Podczas środowej rozprawy sąd przesłucha również biegłych z krakowskiego Instytutu Ekspertyz Sądowych, którzy przeanalizowali nagrania rozmowy Adama Michnika z Lwem Rywinem. Nagrania rozmowy, podczas której Rywin zaoferował korzystne dla Agory, wydawcy "Gazety Wyborczej" zmiany w ustawie medialnej w zamian za 17,5 miliona dolarów łapówki, jest koronnym dowodem w procesie.

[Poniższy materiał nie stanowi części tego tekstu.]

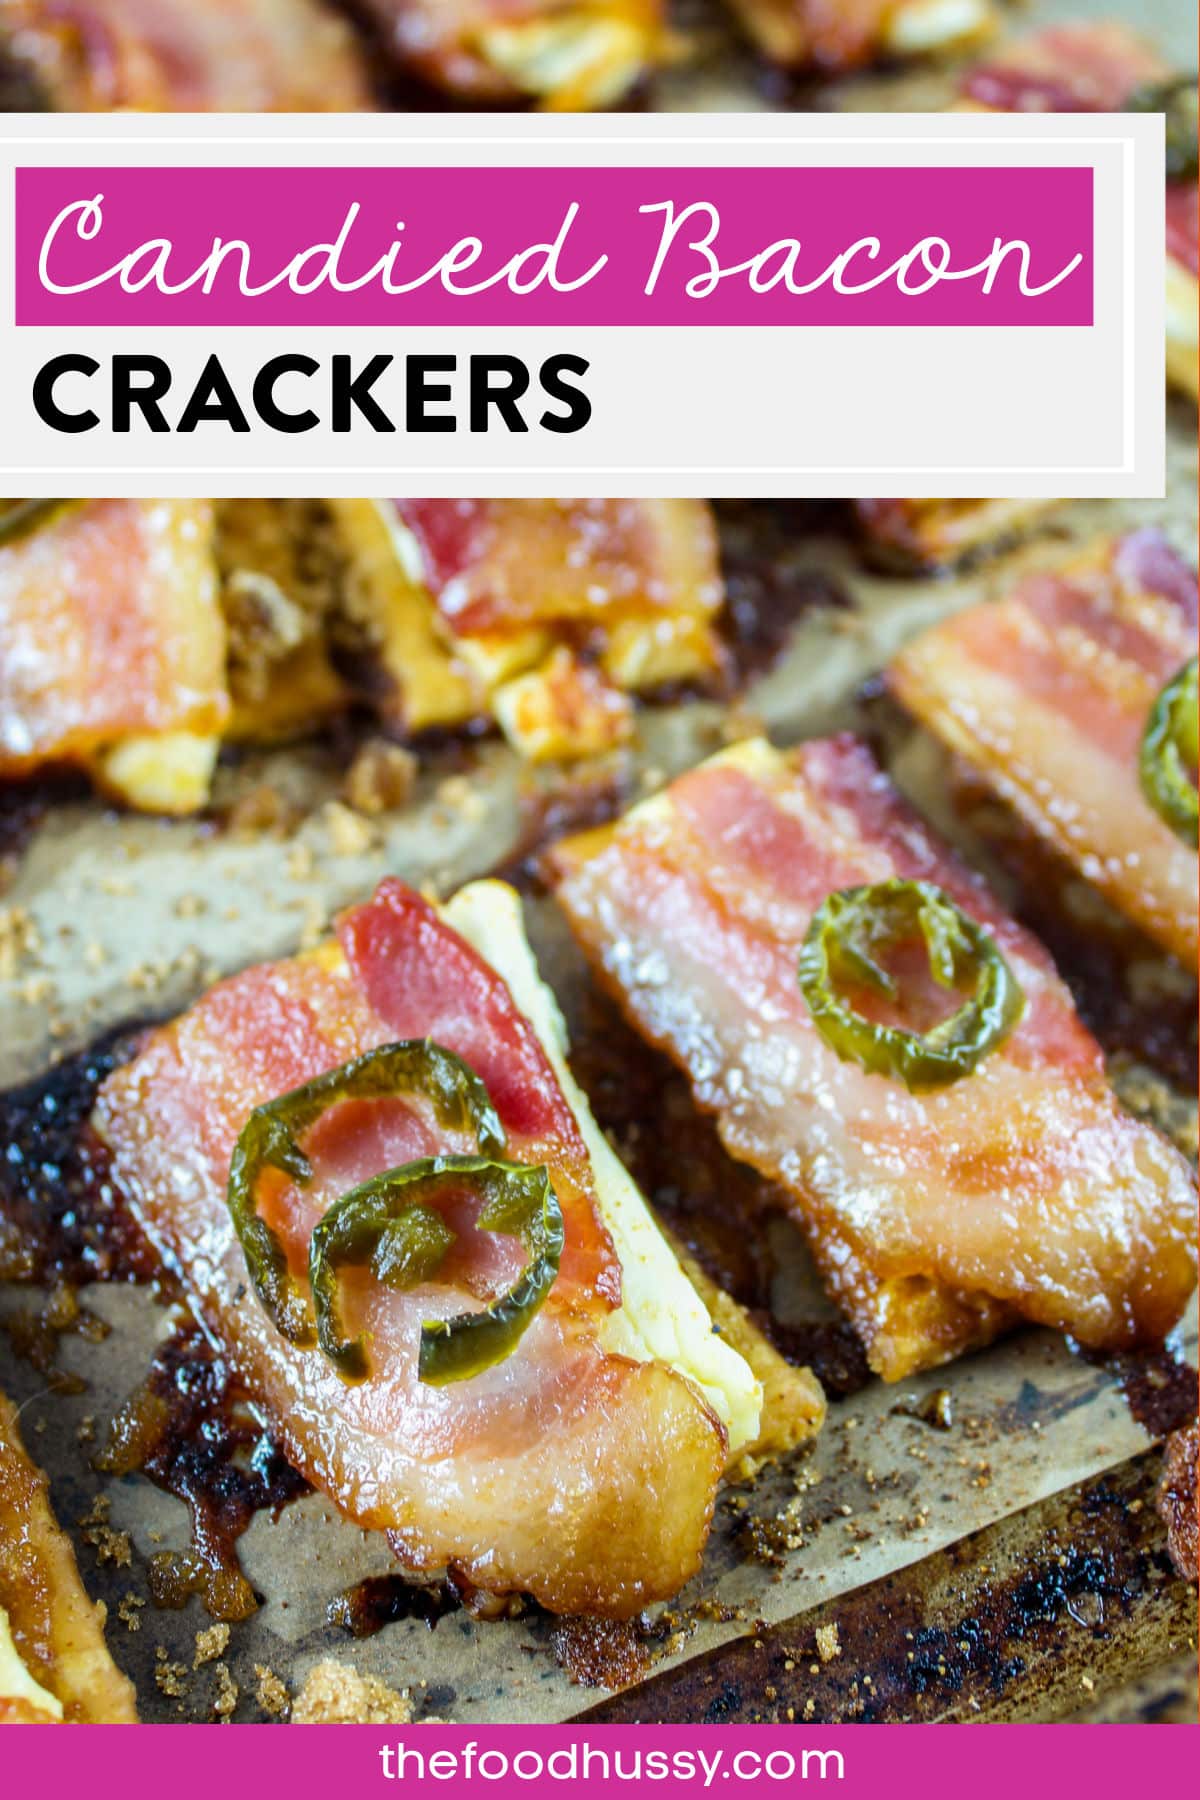 These Candied Bacon Crackers are a delicious appetizer for holidays, game days or any party! Crackers layered with cream cheese, thick cut bacon, bbq seasoning and brown sugar for the perfect bite of savory & sweet snack! via @foodhussy

Zeznając przed sądem Adam Michnik powtarzał, że skoro jest nagranie, to czego można chcieć więcej, by udowodnić Lwu Rywinowi winę. Natomiast Rywin oświadczył na jednej z rozpraw, że on inaczej zapamiętał rozmowę z Michnikiem. Nie chciał jednak rozszerzać tej kwestii i zapowiedział, że obszerne wyjaśnienia złoży po zeznaniach głównych świadków. Natomiast jego obrońcy dali do zrozumienia, że są istotne różnice pomiędzy zapisami cyfrowym a analogowym rozmowy. Jedna z gazet zasugerowała nawet niedawno, że nagranie było przemontowywane. Zaprzeczyła temu stanowczo Agora oraz biegli eksperci.
Sam Rywin nie stawił się w sądzie, bowiem - zgodnie z wcześniejszymi postanowieniami sędziów - nie miał takiego obowiązku.
Rywinowi grozi kara do trzech lat więzienia.